▼

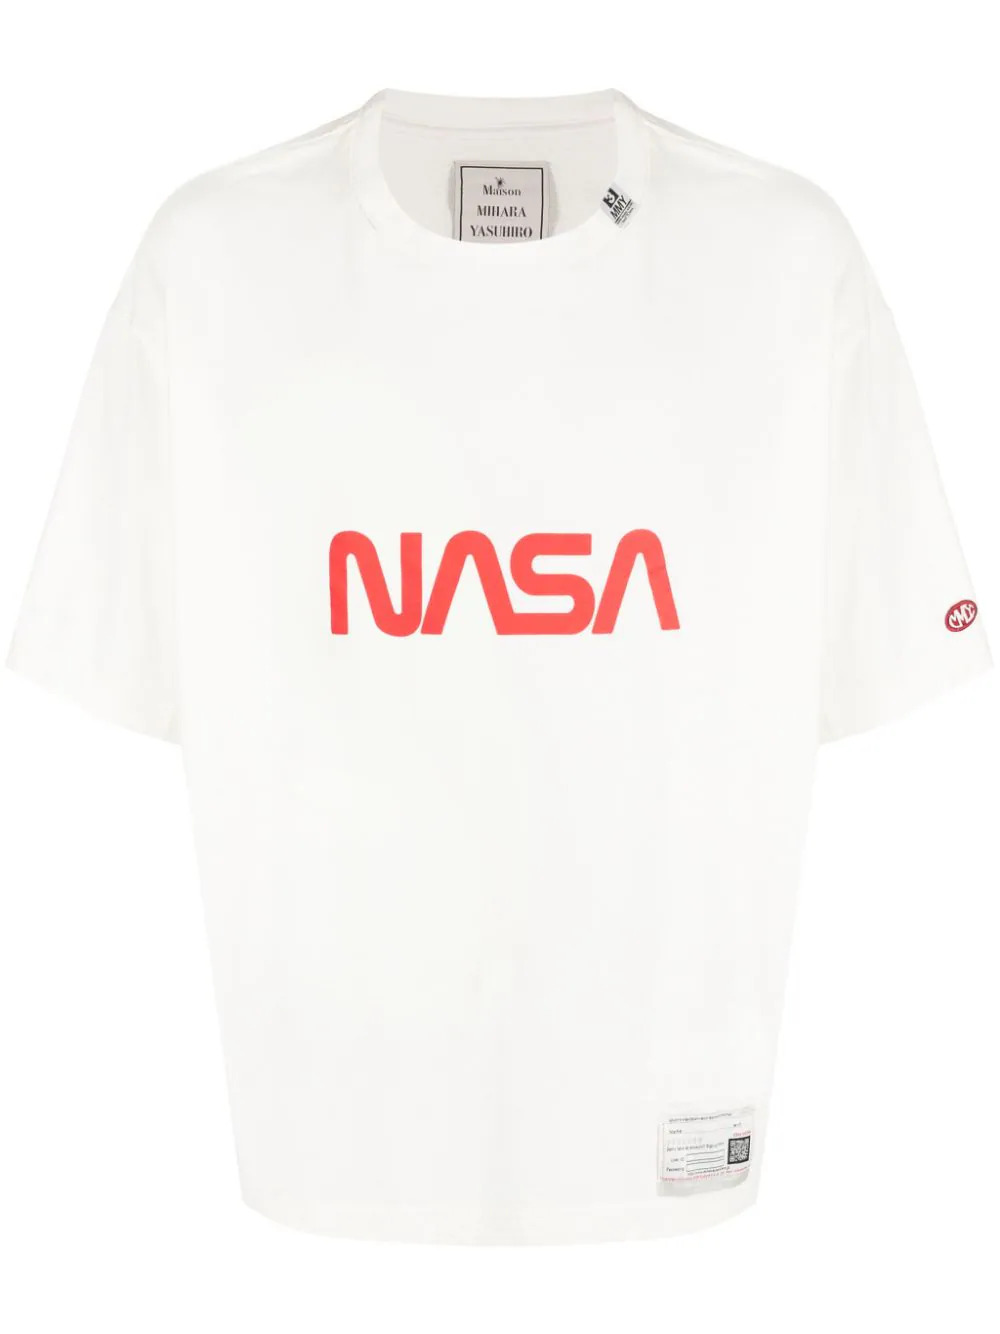 Nasa printed t-shirt
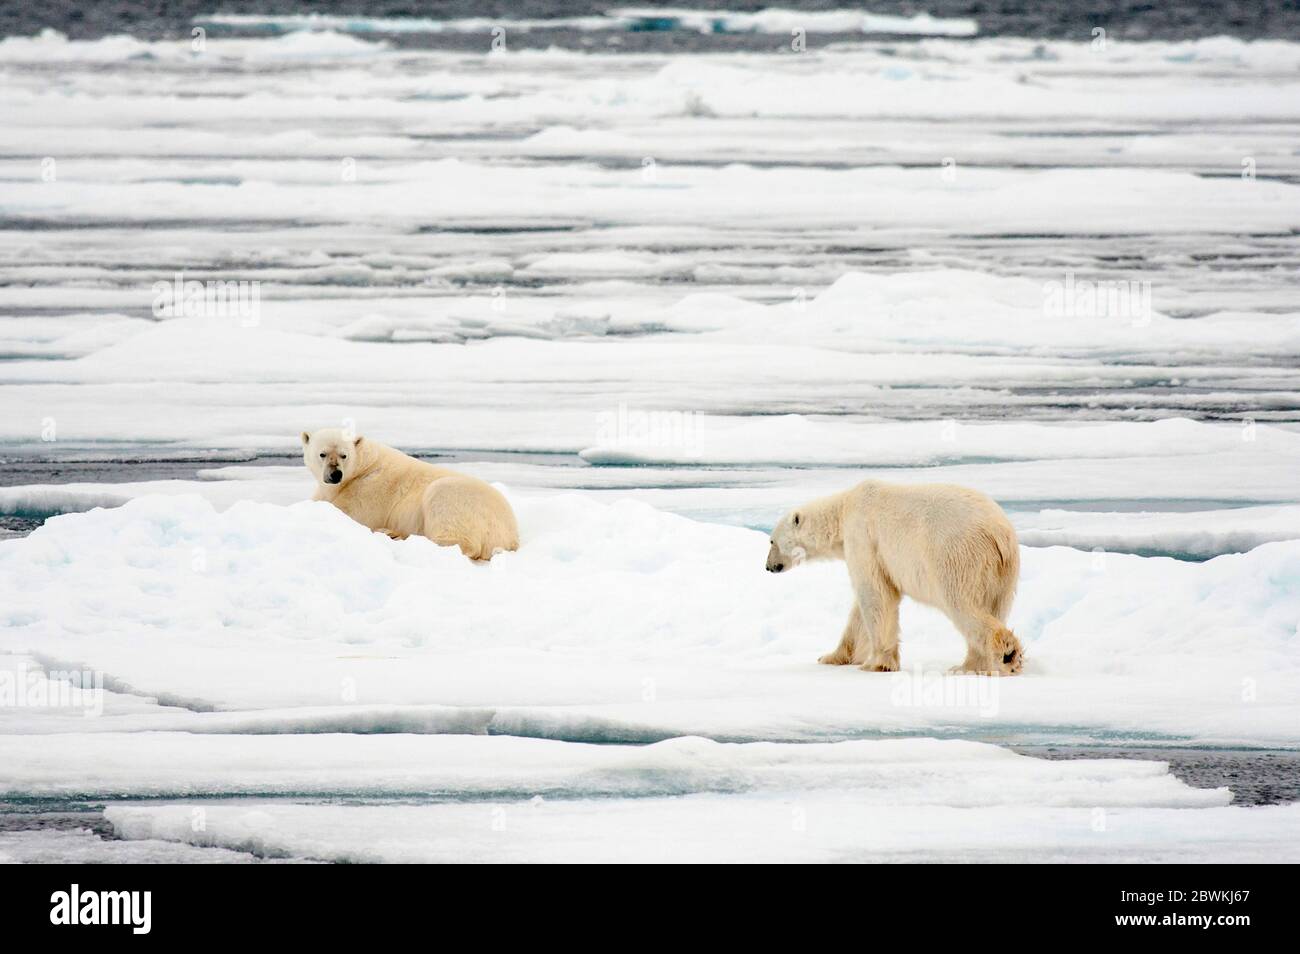 polar bear (Ursus maritimus), two bears on an ice floe, Norway, Svalbard Stock Photo
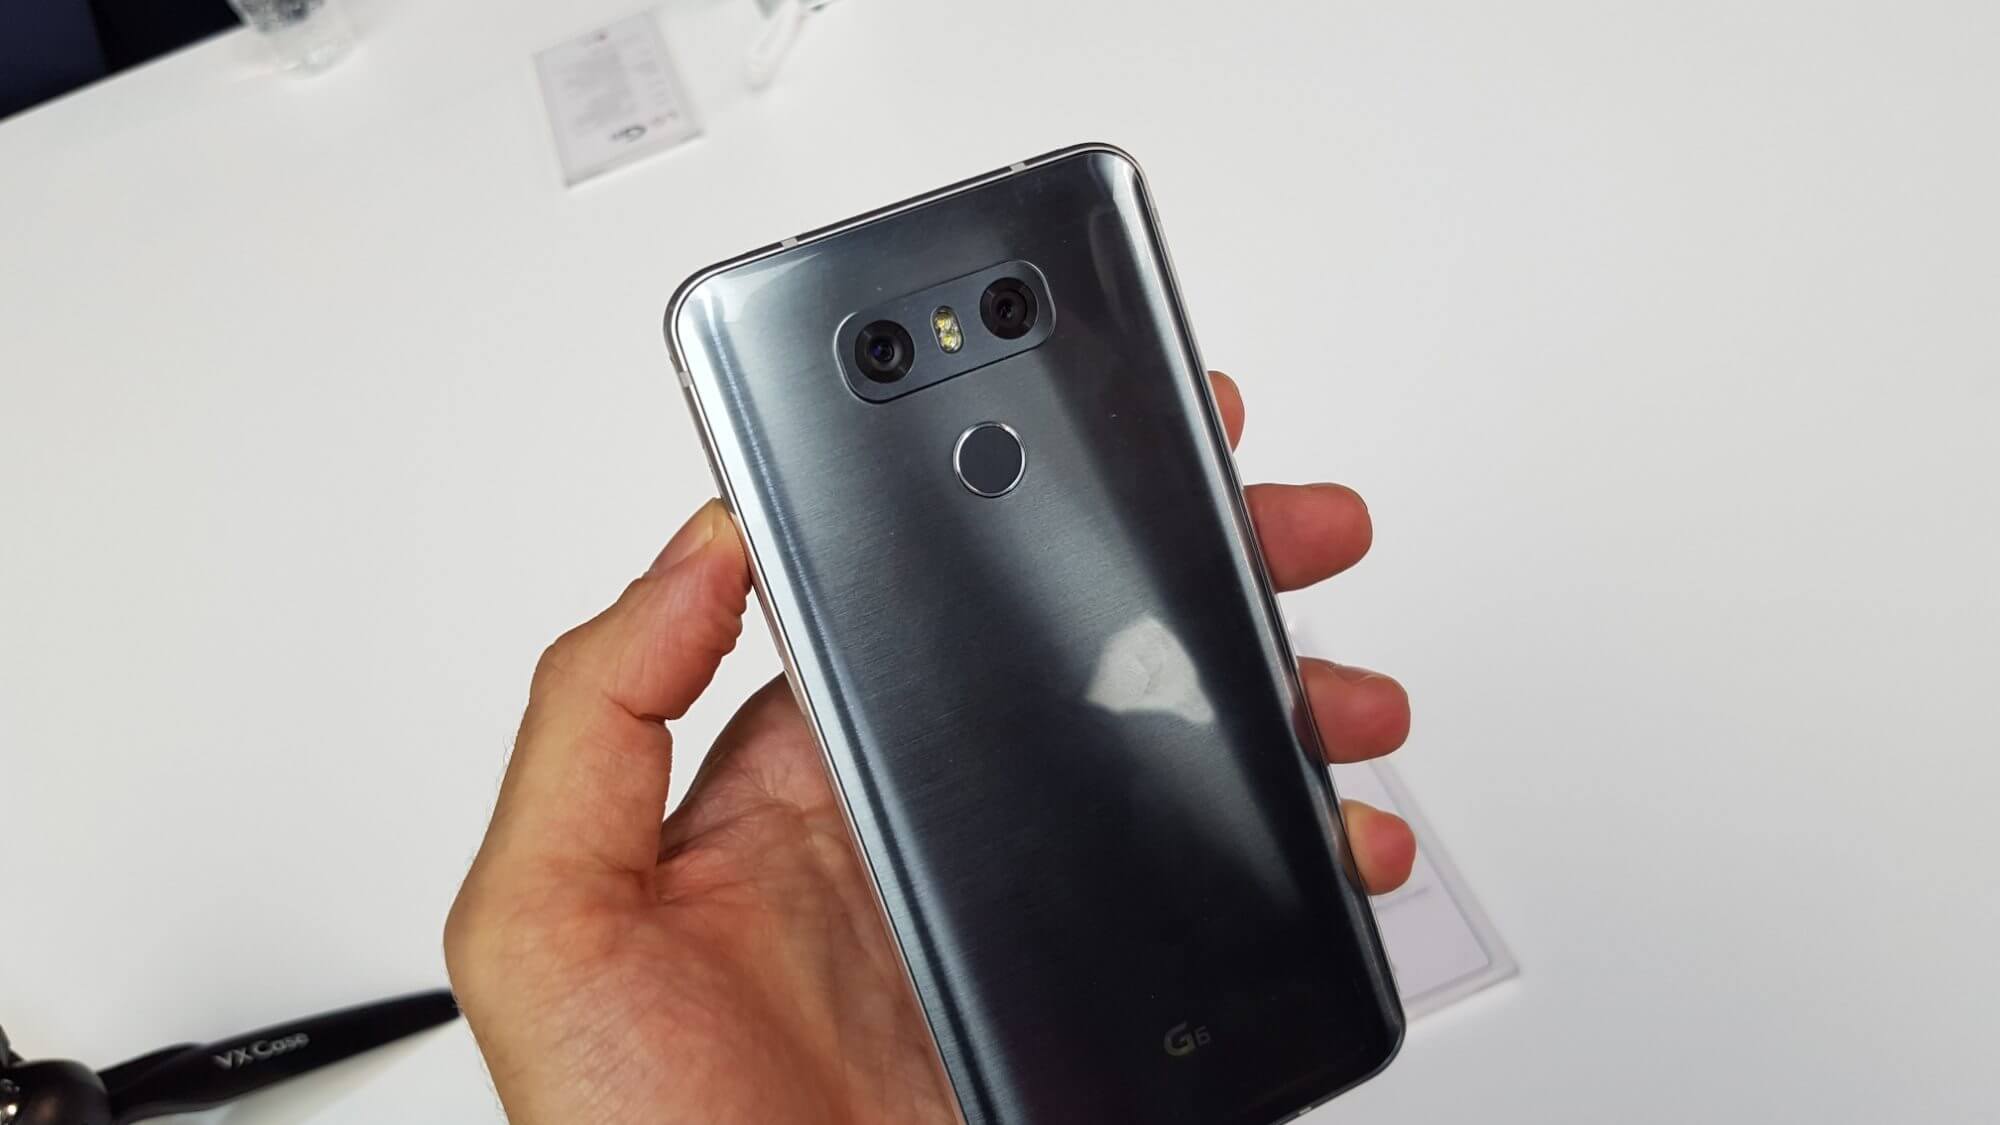 Lg g6 é lançado na mobile world congress. Novo smartphone topo de linha, o lg g6 foi lançado na mobile world congress 2017 com foco em tela “fullvision display” de 18:9, nova interface e câmeras potentes.
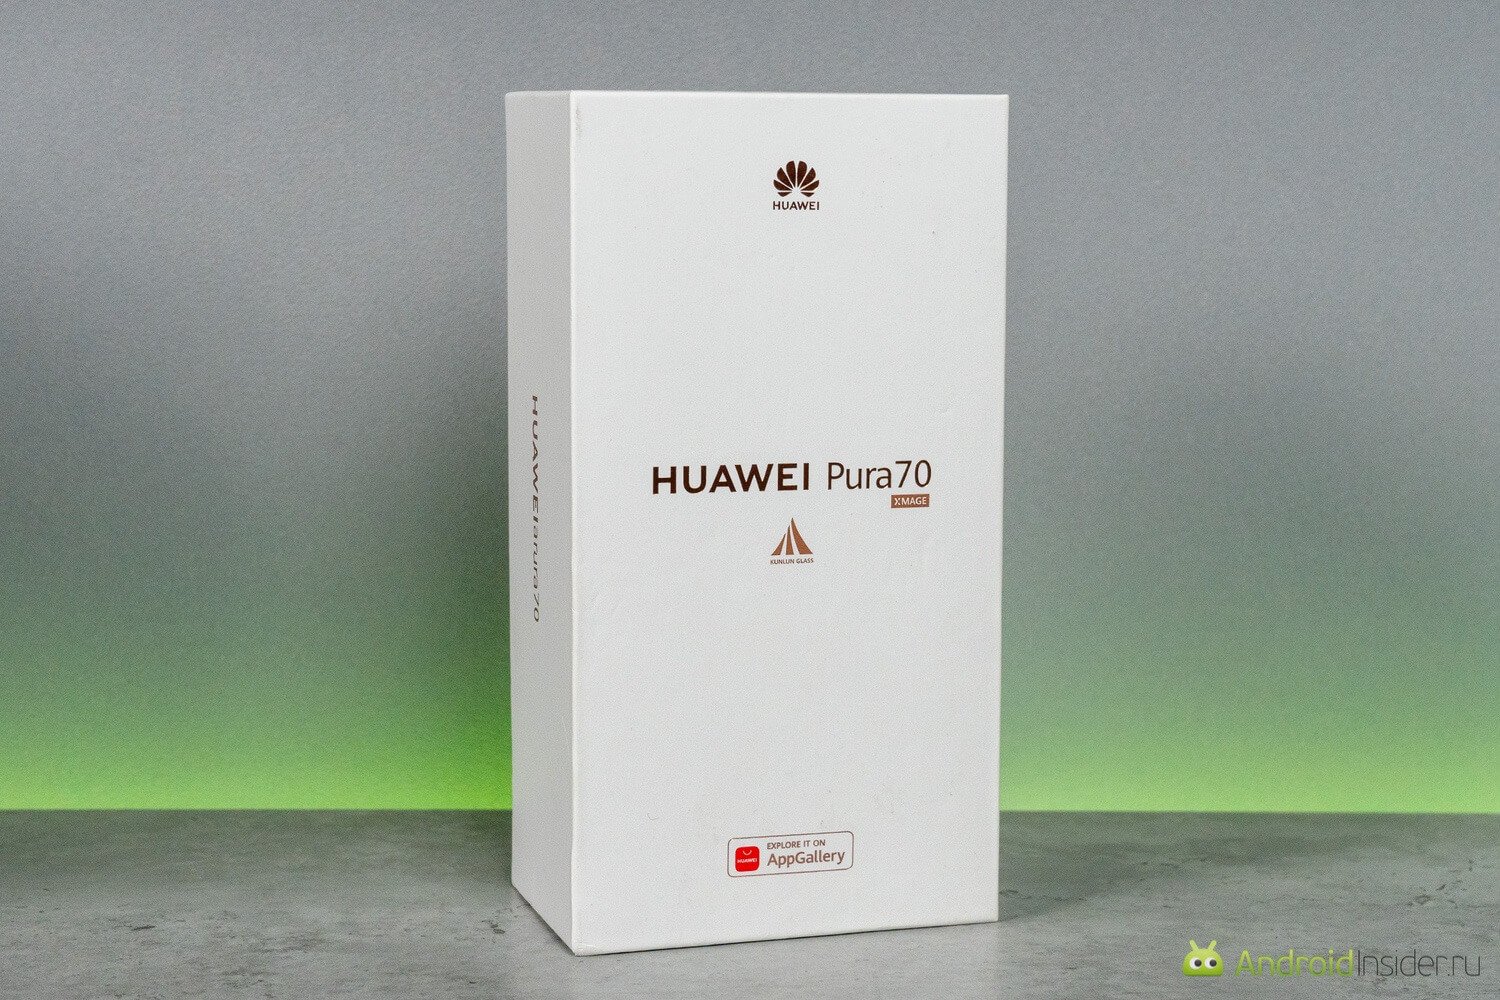 Обзор HUAWEI Pura 70. Сначала, нас как всегда встречает привычная коробка в стилистике бренда. Фото.
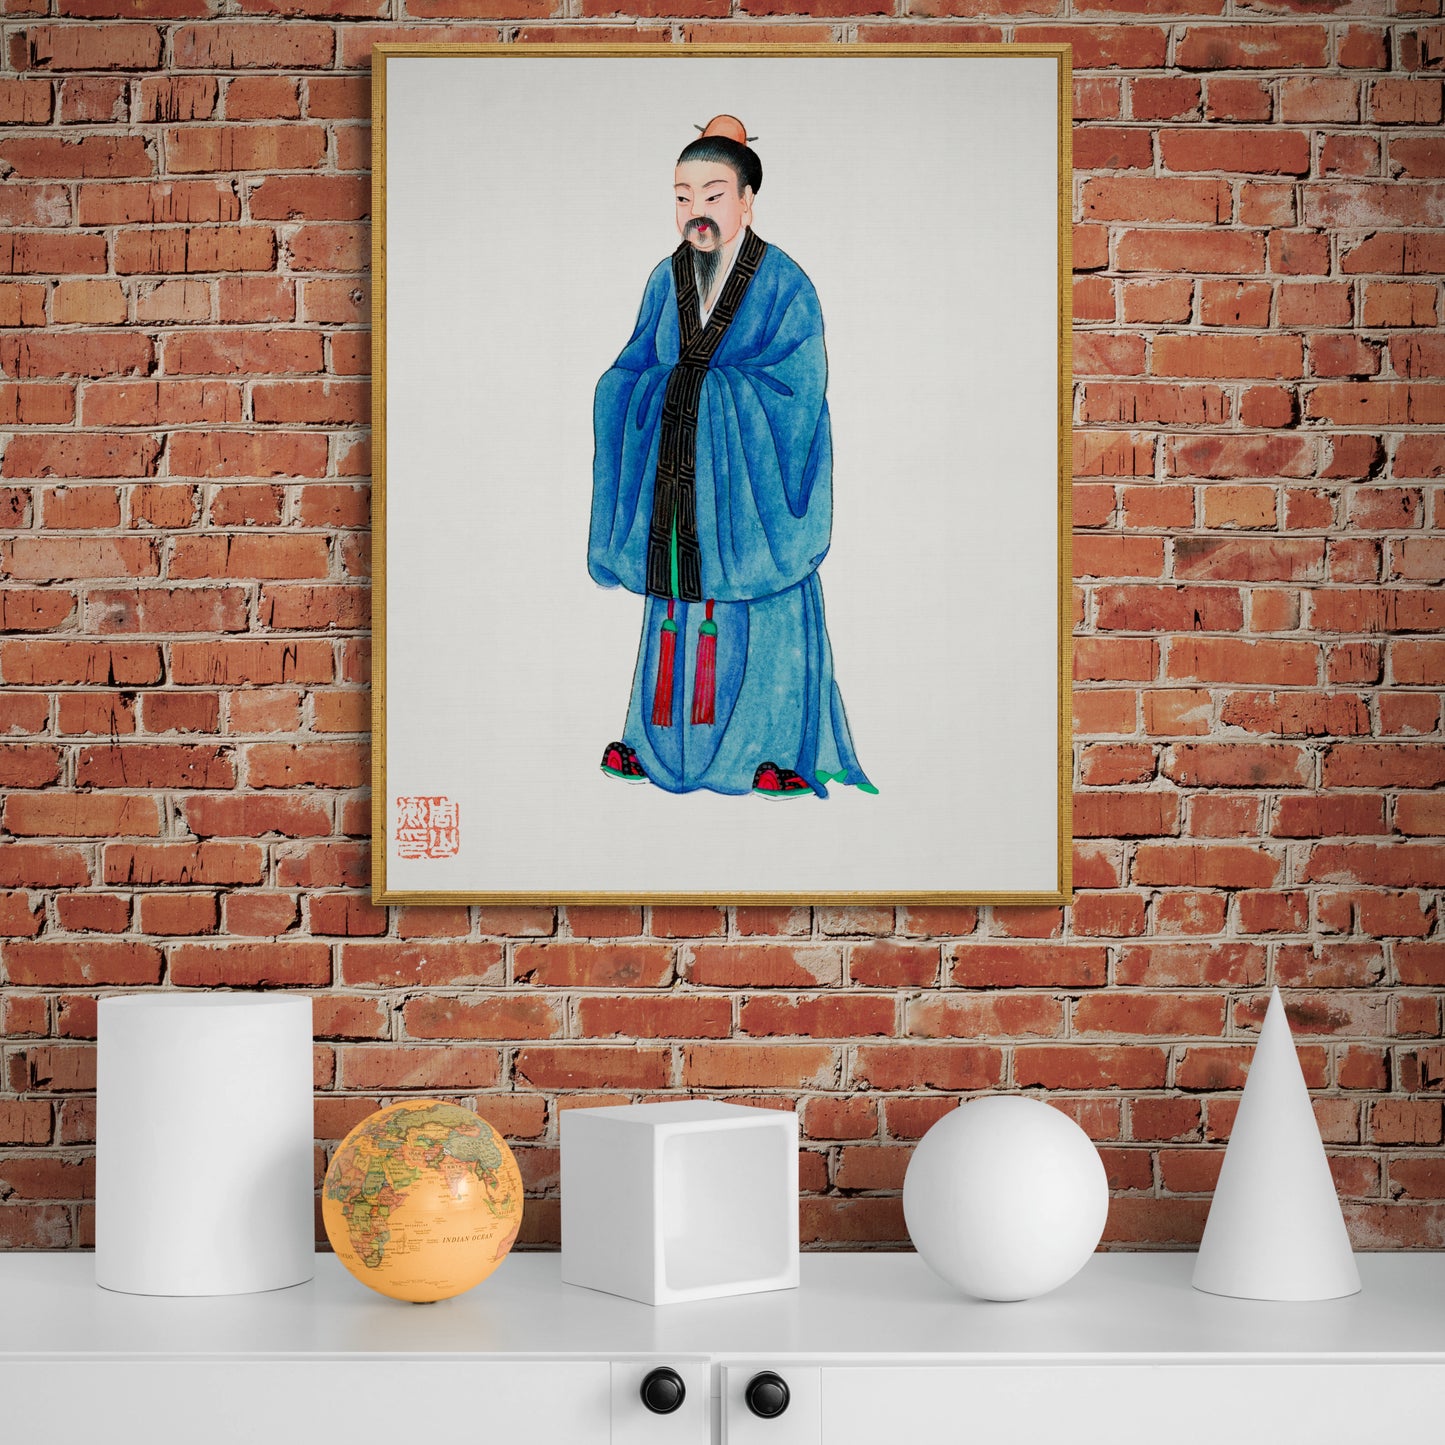 Vintage Chinese Priest Costume Illustration

▲

Required work → Copy every entry exactly, leaving out the pictures.

Output for this task →
 Nasa printed t-shirt
 polar bear (Ursus maritimus), two bears on an ice floe, Norway, Svalbard Stock Photo
 Lg g6 é lançado na mobile world congress. Novo smartphone topo de linha, o lg g6 foi lançado na mobile world congress 2017 com foco em tela “fullvision display” de 18:9, nova interface e câmeras potentes.
 Обзор HUAWEI Pura 70. Сначала, нас как всегда встречает привычная коробка в стилистике бренда. Фото.
 Vintage Chinese Priest Costume Illustration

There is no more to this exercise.